_Collected data_
▬▬▬▬▬▬

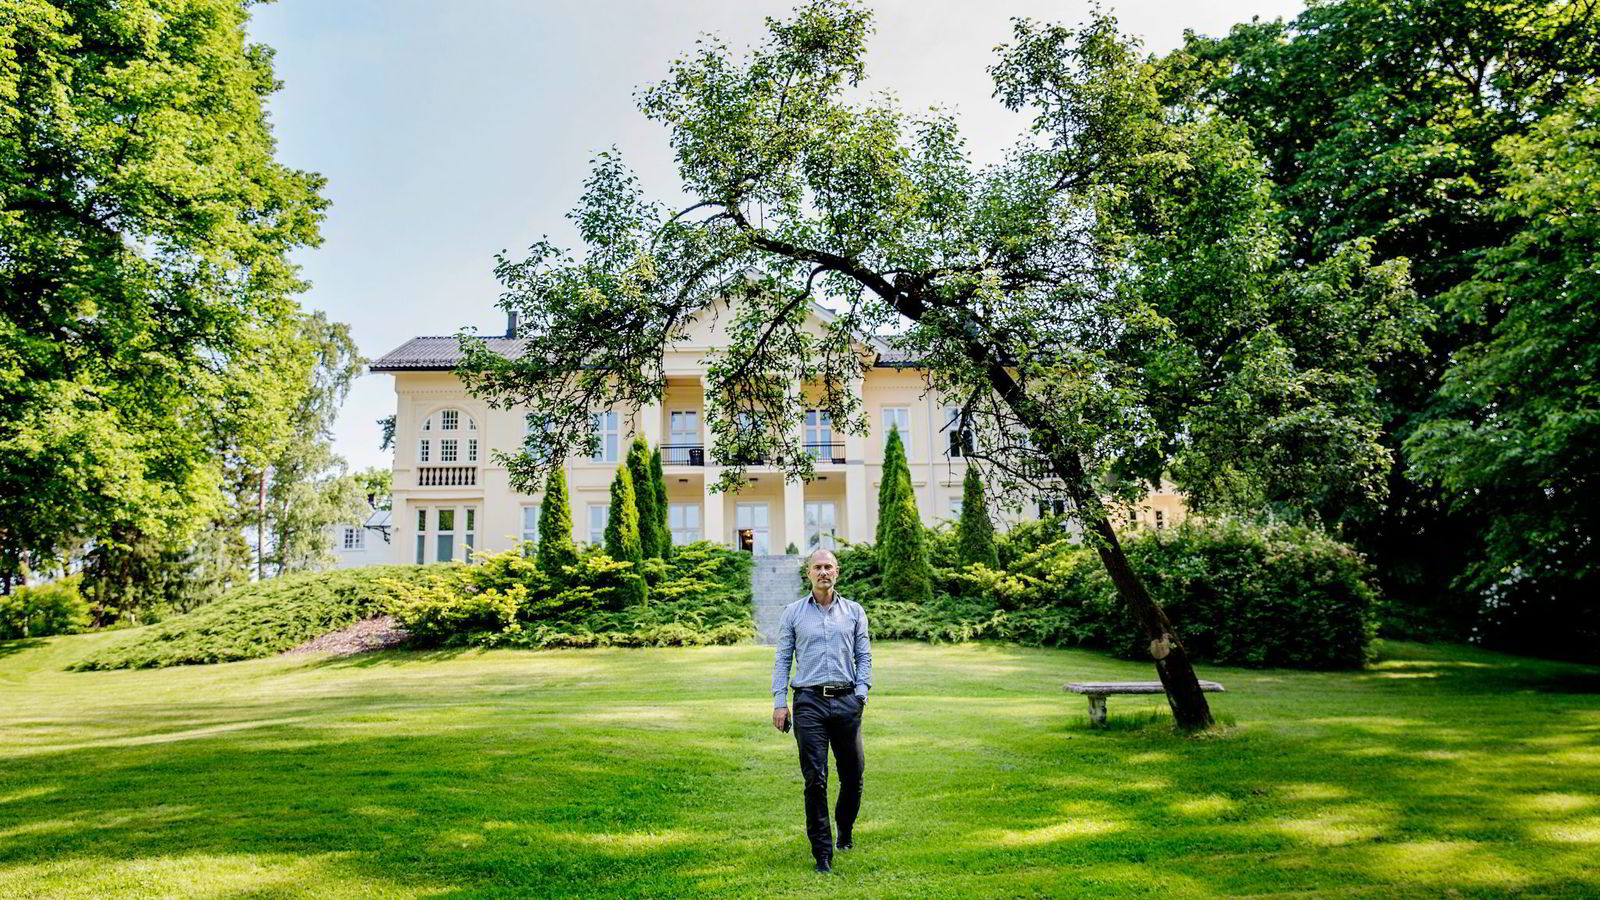 På Madserud Gård like ved Frognerparken skal Andreas Wabøs nye selskap Agera hjelpe frem nye norske gründerbedrifter. Foto: Fredrik Bjerknes
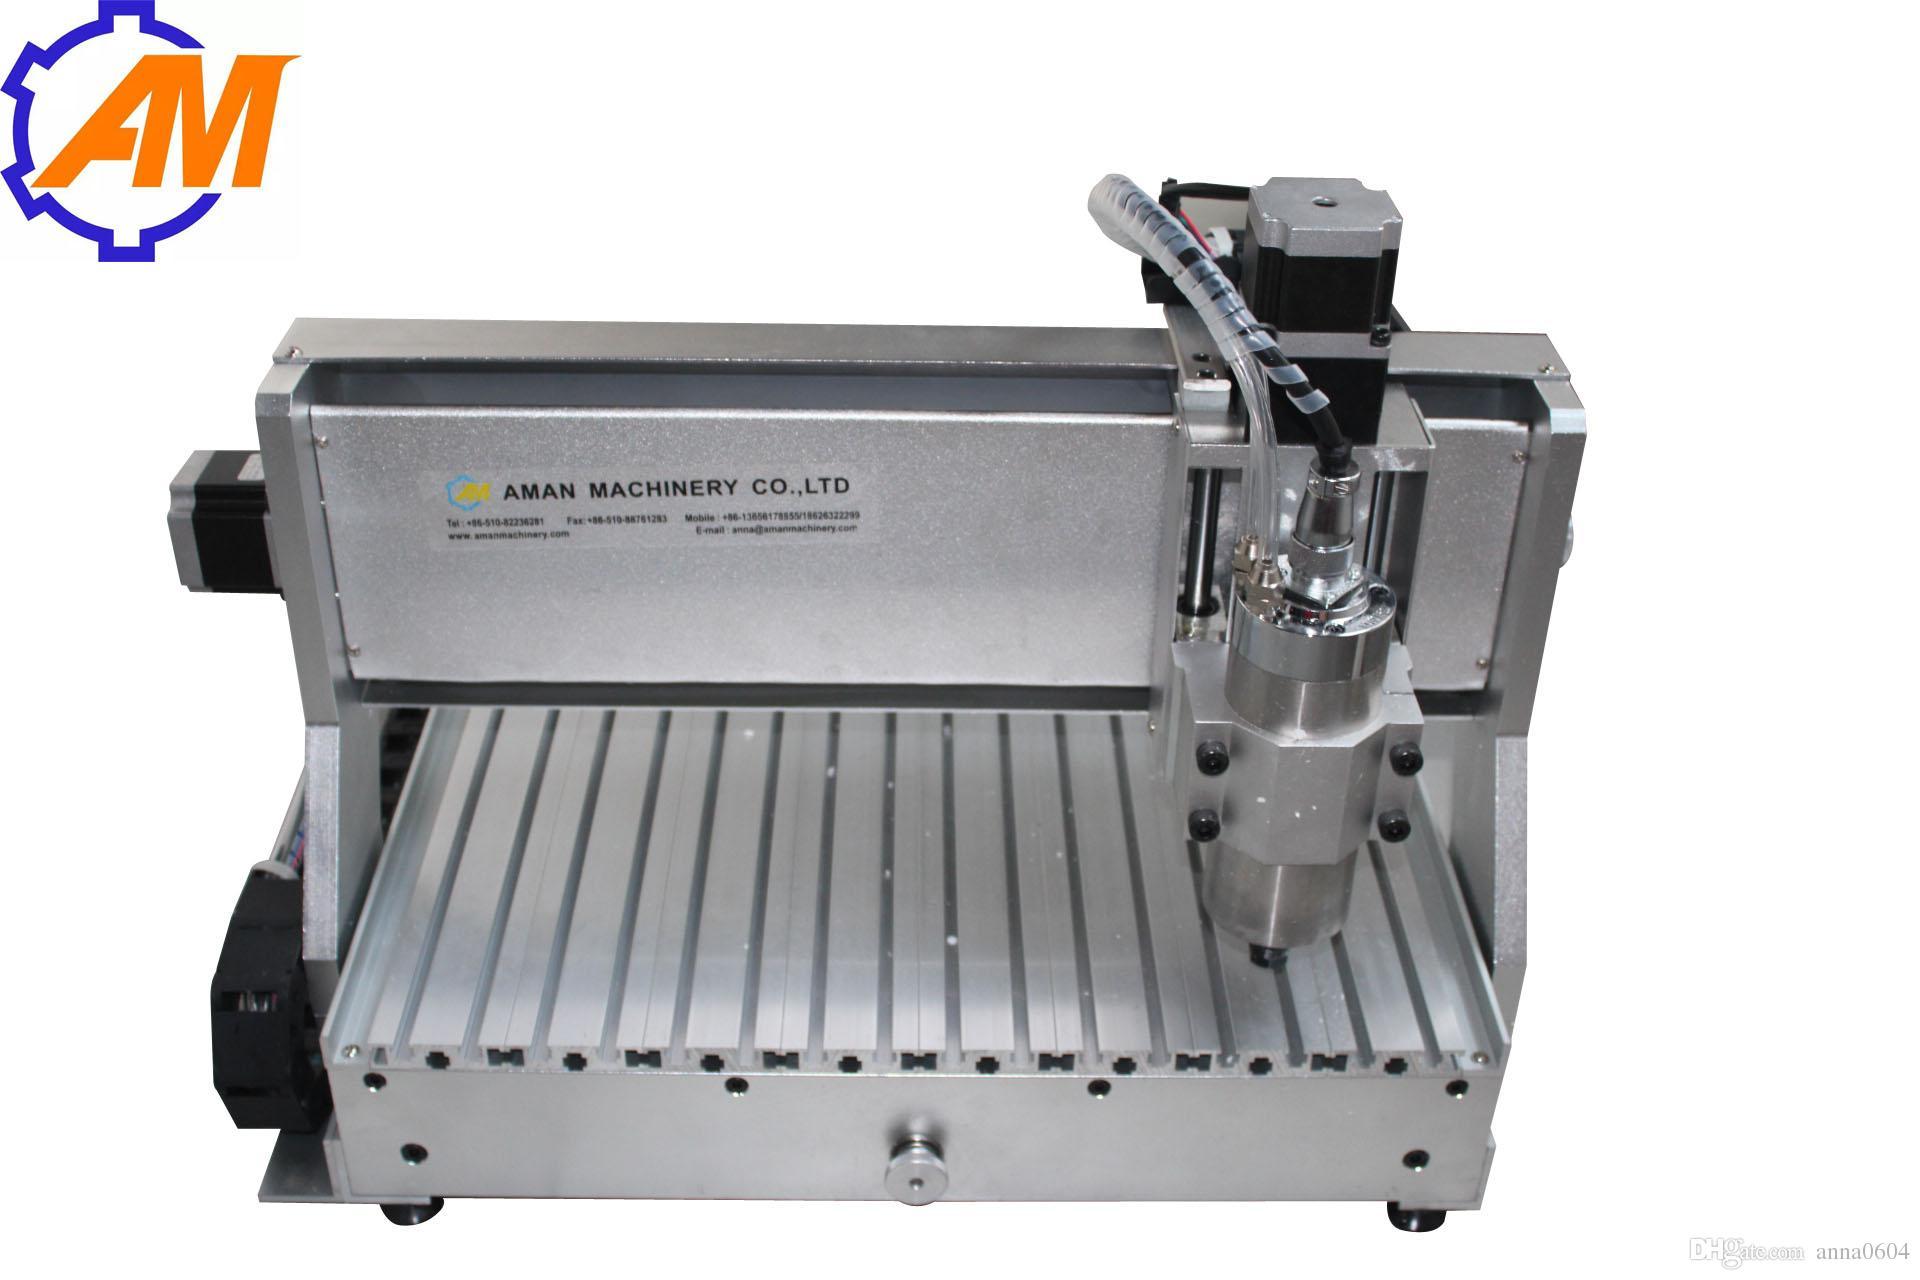 Am 6040ch80 Good Quality Cnc Milling Machine Jpg
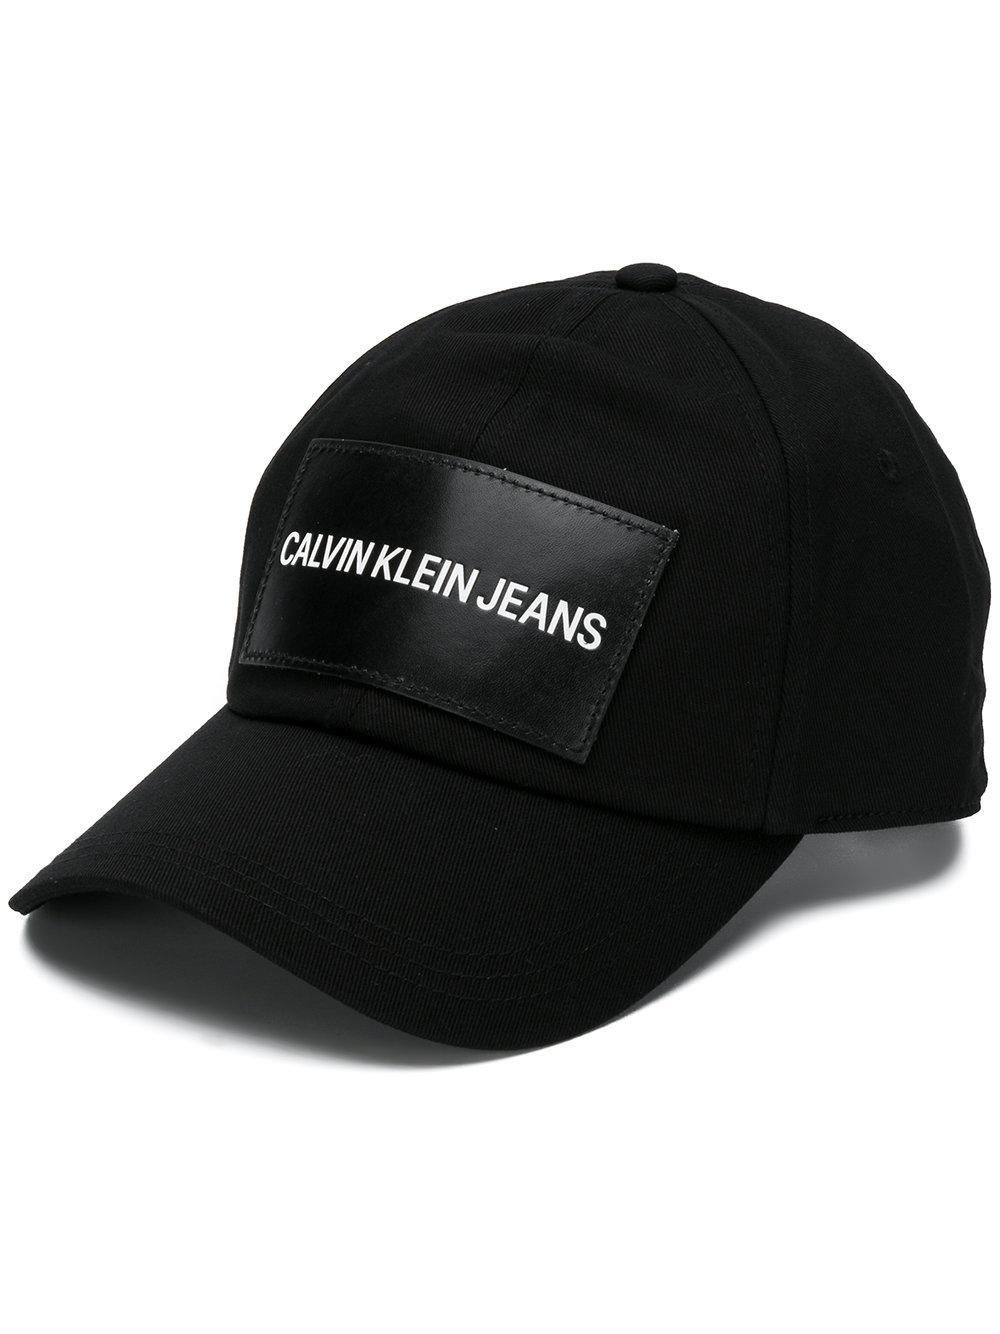 7f9299aab0536 Calvin Klein Jeans Logo Patch Cap
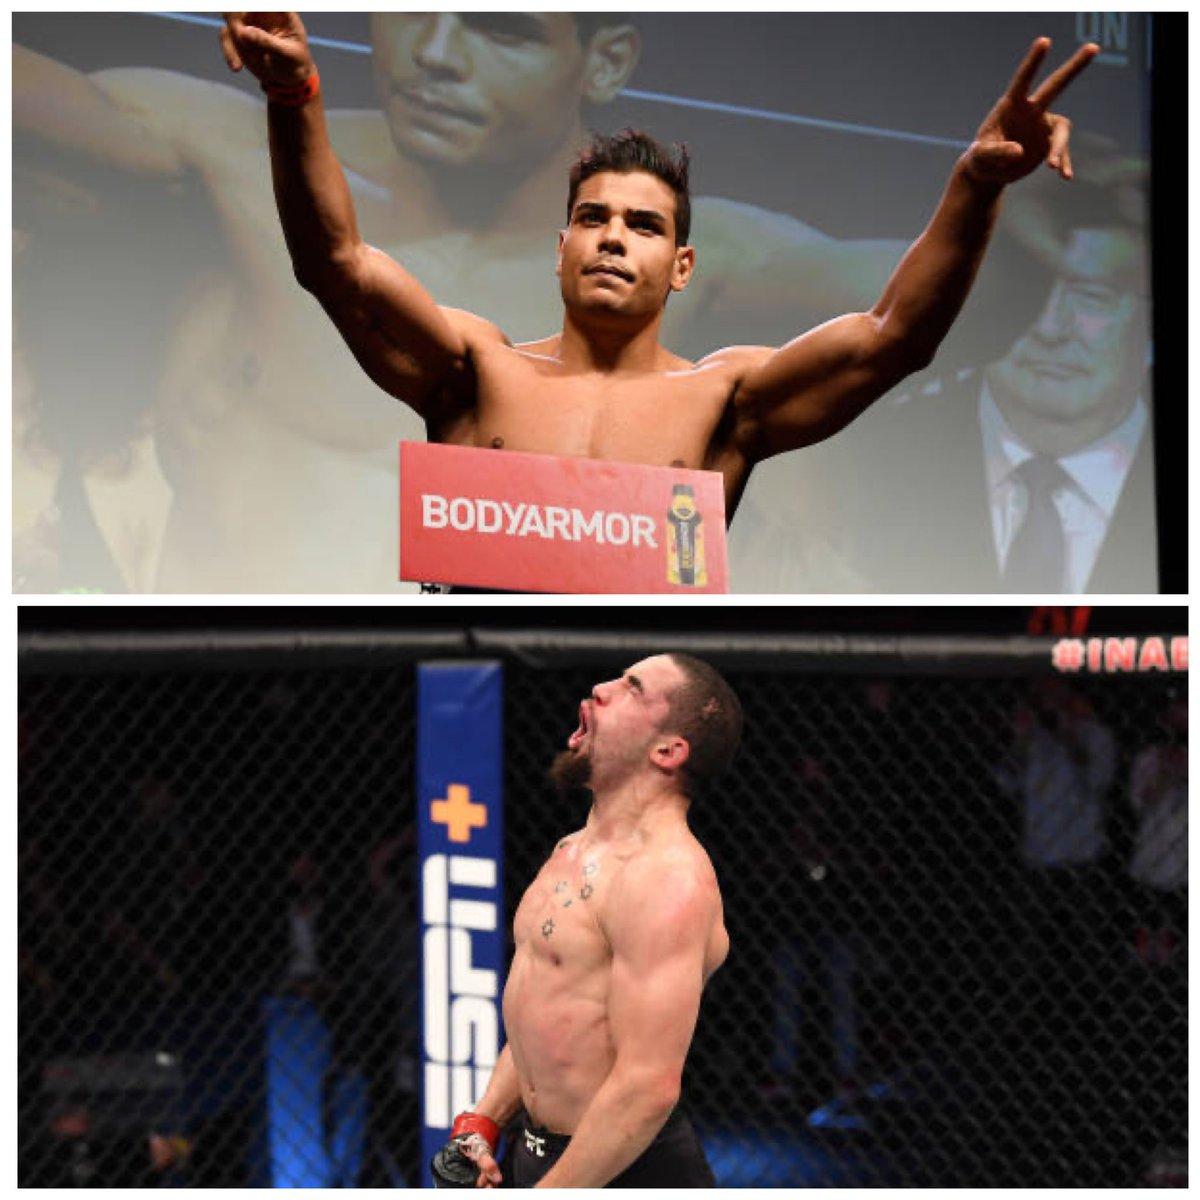 UFC officials confirm, Robert Whittaker (@robwhittakermma) vs. Paulo Costa (@BorrachinhaMMA) will headline an event on April 17. Five rounds. How good is this? https://t.co/mexXsiqWuF

▬▬▬▬▬▬

_Work item_
Pictures are to be omitted. The lines from the line holding "7f9299aab0536 Calvin Klein" through the closing line of the data above are to be set down exactly, and nothing more.

_Response_
 7f9299aab0536 Calvin Klein Jeans Logo Patch Cap
 UFC officials confirm, Robert Whittaker (@robwhittakermma) vs. Paulo Costa (@BorrachinhaMMA) will headline an event on April 17. Five rounds. How good is this? https://t.co/mexXsiqWuF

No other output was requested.